Combining basic and fancy indexing for axis=0 and axis=1 respectively:
[[ 7 22]
 [ 3 27]
 [32 55]]
Combining boolean and basic indexing for axis=0 and axis=1 respectively:
[[ 1  7 22 58]]


### copy
- A copy of a array slice can be created using the **copy** method of any dnarray 
- copying of a slice is relevant when working with basic indexing 
  - When slicing and assigning with basic indexing, we may need avoid modifying the original array
  - In these cases a copy of the slice can be created

In [161]:
# Creating a single dimensional array with 5 values
arr = np.random.randint(0, 100, 10)
print('arr: {0}'.format(arr))
# Creating a slice of arr
arrSlice = arr[2:7].copy()
print('arrSlice: {0}'.format(arrSlice))
# Assigning to arrSlice
arrSlice[:] = -1
print('arrSlice after assignment: {0}'.format(arrSlice))
print('arr after assignment to slice arrSlice: {0}'.format(arr))

arr: [77 82 26 27 11 93  8 36 96  0]
arrSlice: [26 27 11 93  8]
arrSlice after assignment: [-1 -1 -1 -1 -1]
arr after assignment to slice arrSlice: [77 82 26 27 11 93  8 36 96  0]

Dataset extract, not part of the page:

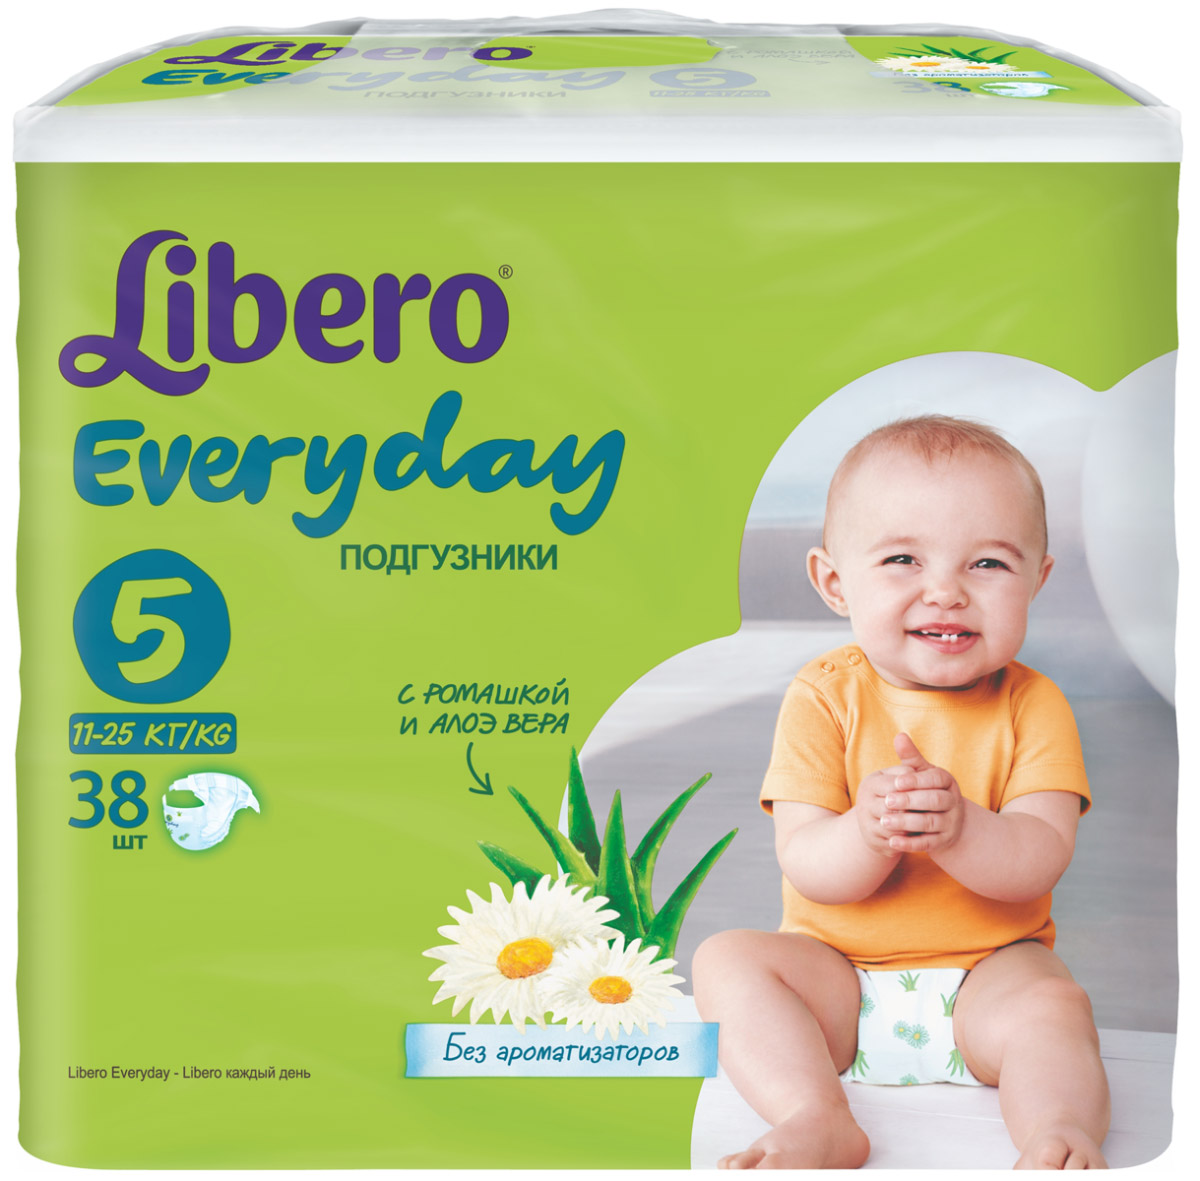 Libero Подгузники Everyday Size 5 (11-25 кг) 38 шт libero подгузники everyday size 5 11 25 кг 38 шт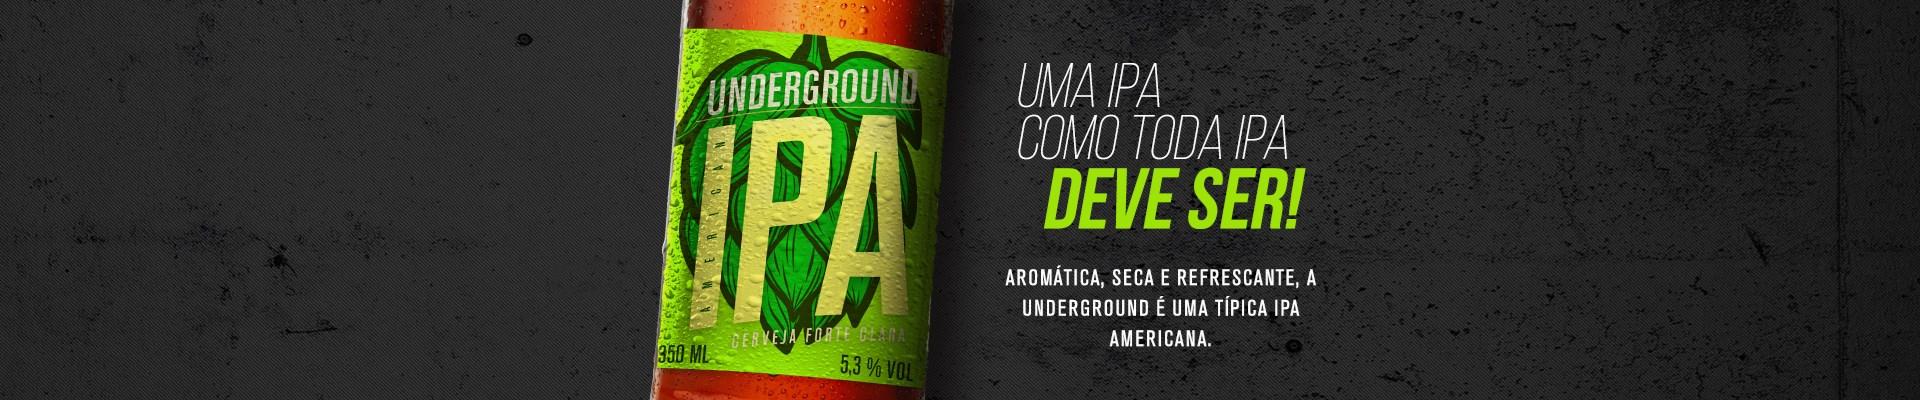 Fabricante Underground

## Transposing Arrays and Swapping Axes
### Transposing
- Transposing is a form of reshaping that returns a view on the underlying data without copying.
- Arrays have the *transpose* method and also the special attribute *T*   
- Transposing is useful while performing matrix computations.
- For example, the inner matrix product can be computed using np.dot
- For higher dimensional arrays, *transpose* might also accept a tuple of axis numbers to permute the axes
- Transposing an array creates a copy

In [218]:
# Creating a 2 dimensional array
arr = np.random.randint(0,100, 8).reshape(2,4)
print('arr has the shape {0}:\n{1}'.format(arr.shape, arr))
# arr can be transposed using the instance attribute T. axis 0 becomes axis 1 and axis 1 becomes axis 0
arrTransposed = arr.T
print('arr transposed has the shape {0}:\n{1}'.format(arrTransposed.shape, arrTransposed))


arr has the shape (2, 4):
[[58  5 61 88]
 [29 61 89 46]]
arr transposed has the shape (4, 2):
[[58 29]
 [ 5 61]
 [61 89]
 [88 46]]


In [169]:
# Creating a 3 dimensional array
arr = np.random.randint(0, 100, 6).reshape(1, 2, 3)
print('arr has the shape {0}:\n{1}'.format(arr.shape, arr))
# arr can be transposed using the instance attribute T. axis 0 becomes axis 2 and axis 1 remains same and axis 2 becomes axis 0
arrTransposed = arr.T
print('arr transposed has the shape {0}:\n{1}'.format(
    arrTransposed.shape, arrTransposed.T))


arr has the shape (1, 2, 3):
[[[29 85 75]
  [26 78 16]]]
arr transposed has the shape (3, 2, 1):
[[[29 85 75]
  [26 78 16]]]


In [221]:
# Creating a 3 dimensional array
arr = np.random.randint(0, 100, 6).reshape(1, 2, 3)
print('arr has the shape {0}:\n{1}'.format(arr.shape, arr))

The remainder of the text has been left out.